CSI - Working Stiffs (10.03) / Coup de Grace (10.04)

Working Stiffs (10.03)

L’équipe enquête sur la mort mystérieuse de Jason, un informaticien travaillant dans une petite entreprise d’assistance pour les casinos. Il s’était embringué dans une étrange affaire avec un de ses collègues.

Working Stiffs est une sorte d’hommage que fait CSI au film culte Office Space, sauf qu’ici il y a un meurtre, forcément. Ceux qui ont vu le film apprécieront donc les références aux fameux TPS reports, à l’ignoble patron ici interprété par Wayne Knight et qui se nomme Lombard et non Lumbergh, ainsi qu’aux petites scènes d’interviews dans le bureau.

L’excellent Tim Blake Nelson ne joue pas un personnage à la Peter Gibbons, mais plus à la Milton. Névrosé, mal considéré et exploité. Dès l’ouverture on sait que c’est lui le tueur, mais le mystère porte sur autre chose, notamment sur le mobile et, par conséquent, sur ce que lui et son collègue mijotaient. L’aspect référentiel au film donne alors quelques indices, mais l’ensemble réserve quelques bonnes surprises.

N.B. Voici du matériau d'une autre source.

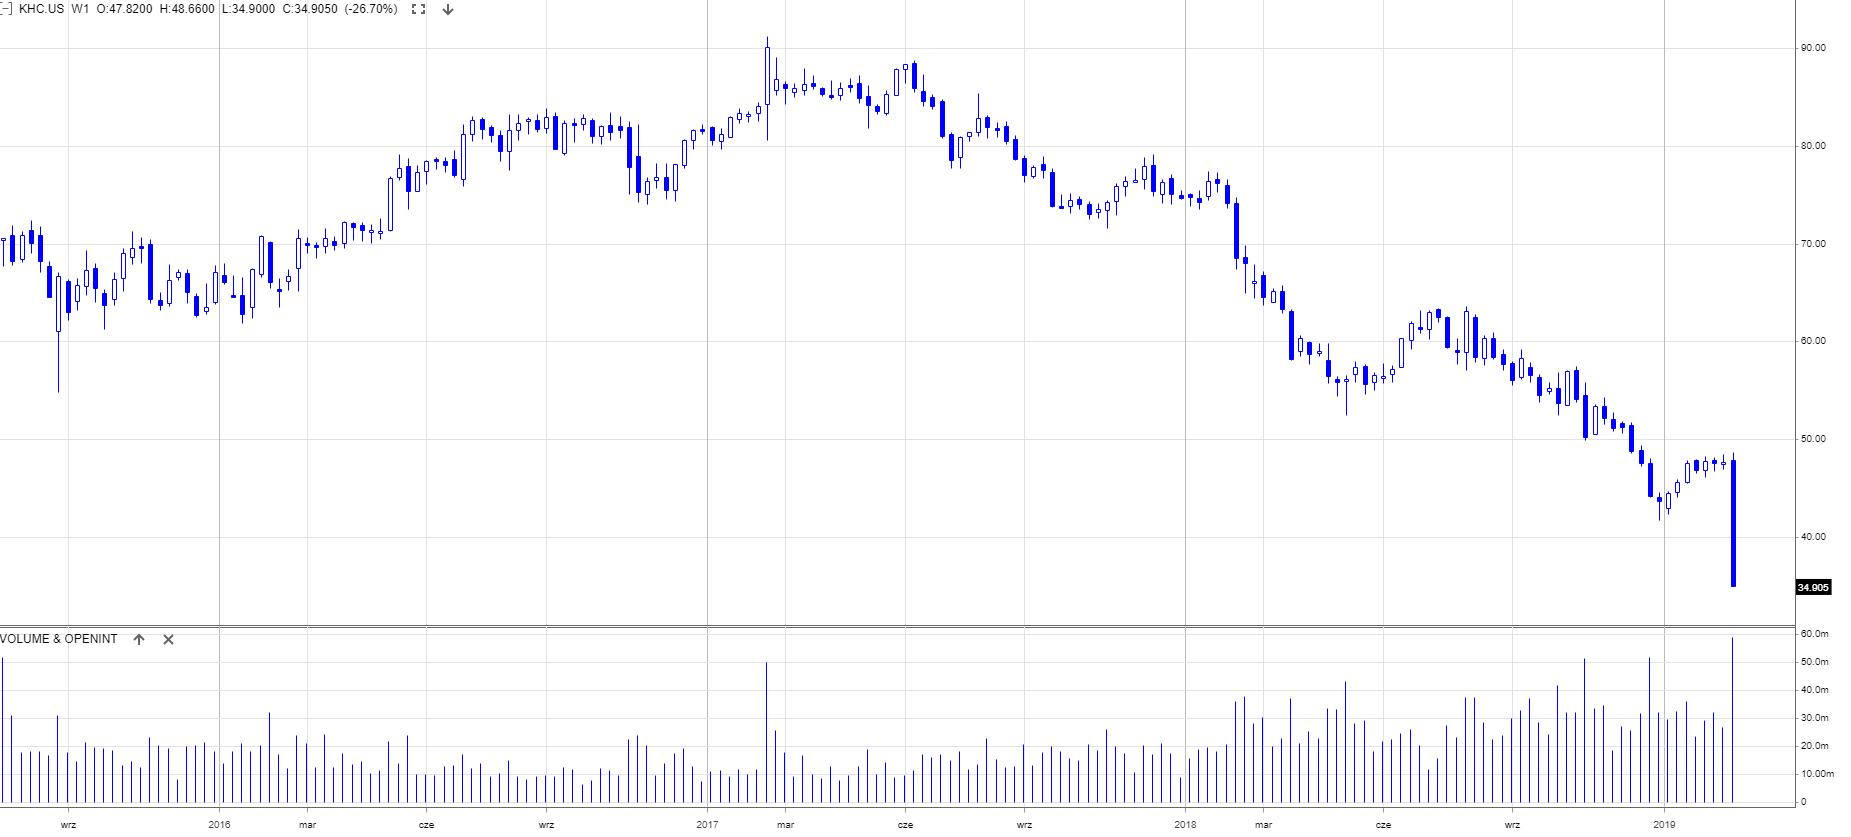 Spółka Buffeta straciła $2,8 mld na silnych spadkach akcji Kraft Heinz
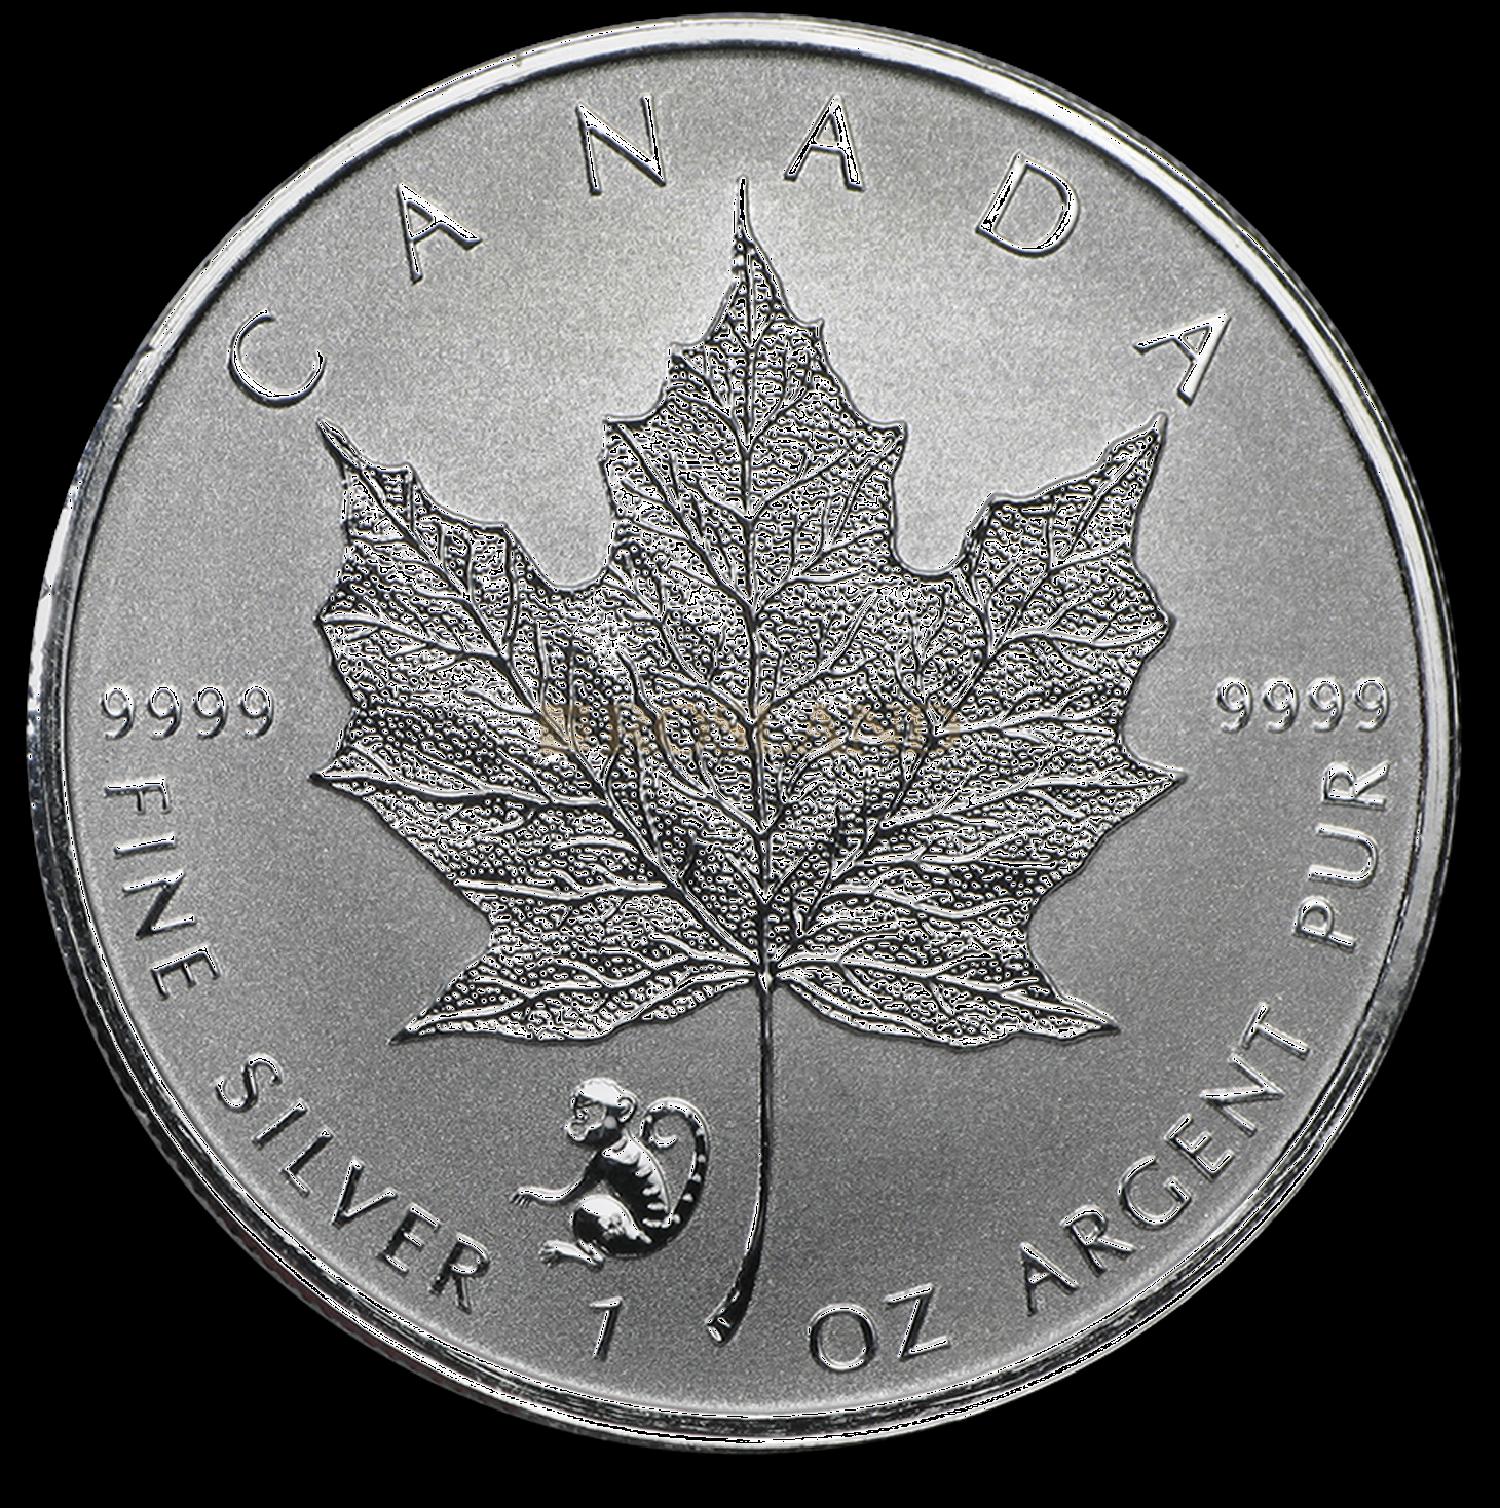 1 Unze Silbermünze Kanada Maple Leaf Lunar Affe 2016

En parallèle, on prend le temps de développer de manière un peu maladroite l’histoire autour du père de Langston. Difficile de savoir où cela est censé mener, mais cela fait deux épisodes consécutifs que c’est évoqué, il est probable que ce n’est pas innocent.

Sinon, Hodges joue au professeur, expliquant en détail une procédure, à l’ancienne, vous savez, comme dans les débuts de la série. Langston lui dit alors qu’il n’y a pas besoin de l’expliquer qu’il le faisait et savait donc de quoi il retournait. Difficile de savoir ce qui a motivé cet échange, mais il a un aspect comique qui parait presque involontaire. Cela est peut-être censé faire écho à autre chose que le laborantin semble préparer en cachette sur son ordinateur, mais là encore, on verra peut-être plus tard de quoi il retourne.

Au final, un épisode de qualité qui parlera certainement plus aux fans d’Office Space qu’aux autres, mais qui ne perd pas pour autant de son intérêt si on ignore les références, et ce, principalement grâce à la performance de Tim Blake Nelson.

Coup de Grace (10.04)

Un officier de police qui n’était pas en service se fait tuer par un autre policier qui patrouillait et qui intervenait durant une fusillade. Le dossier est sensible et les CSIs doivent rapidement savoir ce qui s’est réellement passé.

Meurtre, pas meurtre ? C’est la question du jour pour les CSI de Las Vegas qui se retrouvent dans une affaire dans laquelle vient se mêler une histoire de racisme et de gang.

Tout commence de manière précise et efficace, comme tout bon épisode de la série. On nous montre ce qu’on veut que l’on voit, on ajoute des témoignages qui vont dans une direction, des preuves qu’il faut replacer dans un contexte et une background story de moins en moins reluisante pour un suspect qui, pourtant, ne partait pas comme le coupable idéal.

C’est une affaire plus standard que la précédente et on retrouve le savoir-faire du show qui donne un peu une impression de déjà vu. Mais si l’investigation n’est pas la plus originale qui soit, on ne peut pas dire que dans la pratique, il y ait des reproches à formuler, à part peut-être que l’on se sent un peu trop confortable avec la forme. Heureusement, le fond prend une direction inattendue qui permettra de capter l’attention. Dommage donc que dès que Sara arrive sur la seconde affaire, on devine qu’elle va rapidement se lier à la première. De même, triste de voir qu’à la fin, il fallait ajouter quelque chose pour rendre les conclusions encore plus limpides et offrir une petite note supplémentaire pour faire malin.

Bref, du CSI de qualité, mais pas au top.

On notera pour finir, pour les fans de Without a Trace, l’introduction d’un nouveau détective joué par Enrique Murciano, ex-Danny Taylor de feu la série de CBS.